市川はその動きを見守ると席を静かに立った。捜査員に向かって深々と一礼し、自席へと戻っていく。
「勇刀、なんか分かりそうか?」
その姿をなんとなく目で追っていた勇刀は、遠野に話しかけられて我に帰った。そして、徐にマウスをクリックする。流れていた画像がピタッと止まり、勇刀は遠野に向かって首を振った。
「耳の形、とは思ってるんっすけど……やっぱり、長い髪を探しちまいますね」
「緒方、共助にいたのか?」
「はい、だいぶ教わったハズなんっすけど」
「しょうがねぇよ。横からと正面じゃ印象違うし、解析したら耳の形が潰れちまうもんな」
「……」
太ろうが痩せようが、人の耳の形だけは変わらない。耳の形は曲線や突起、大きさ等が人それぞれ違うことから、耳輪と呼ばれ、指紋や声紋に並び個人を特定するには有効なものとなるのだ。特に外耳の周辺部の内側で丸まっている部分は、個人の特徴が顕著にあらわれる。
逮捕状の発せられている被疑者を追いかける際、勇刀は耳輪と目だけは覚えておけ、と。それこそ耳にタコができるほど教わった。勇刀はその教えどおり耳の形を頭に叩き込もうとしたのだが。

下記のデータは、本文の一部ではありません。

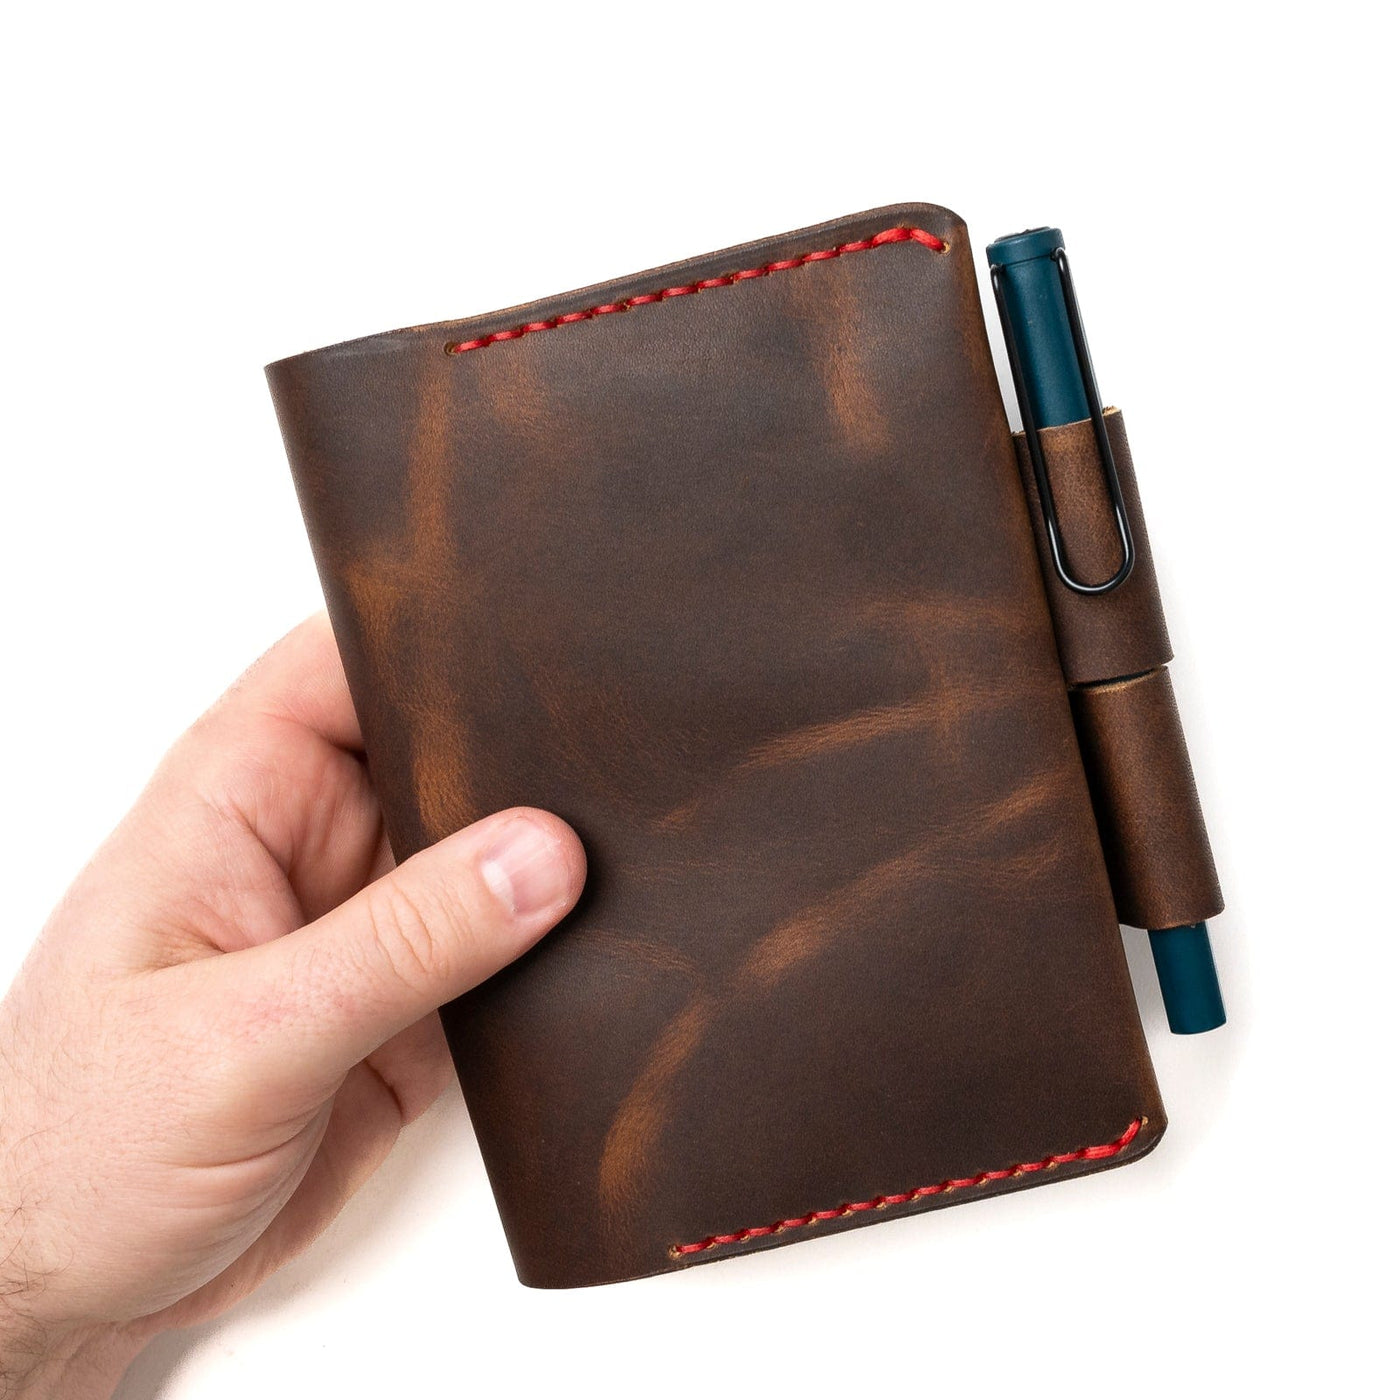 Leather A6 Notebook Cover - Heritage Brown Popov Leather

元来の画像は小さすぎて耳輪の特徴が掴めず、拡大した解析後の画像は潰れてその体をなさない。結局勇刀は、印象的な長い髪を追うしか術がない状況に陥っていた。
「ま、なんか分かったら教えてくれ」
「はい!」
遠野は緒方の頭を軽く叩くと、ポケットの中で震えるスマホを手に執務室を後にした。その姿が消えるを見届けて、勇刀は執務椅子に座ったまま床を蹴る。執務椅子の小さな車輪がゴロゴロとフル回転して、勇刀の体はあっという間に市川の前に移動した。
「市川さん、今日顔色いいっすね」
満面の笑みで市川の机に頬杖をついて、勇刀は言った。そんな勇刀を、市川は鋭い目つきで一瞥した。
「……久しぶりに、よく寝たので」
昨日、笑ってくれたのに、と少し残念に思ったが。残念な気持ちを顔色には出さず、勇刀は市川を窺うように覗き込んだ。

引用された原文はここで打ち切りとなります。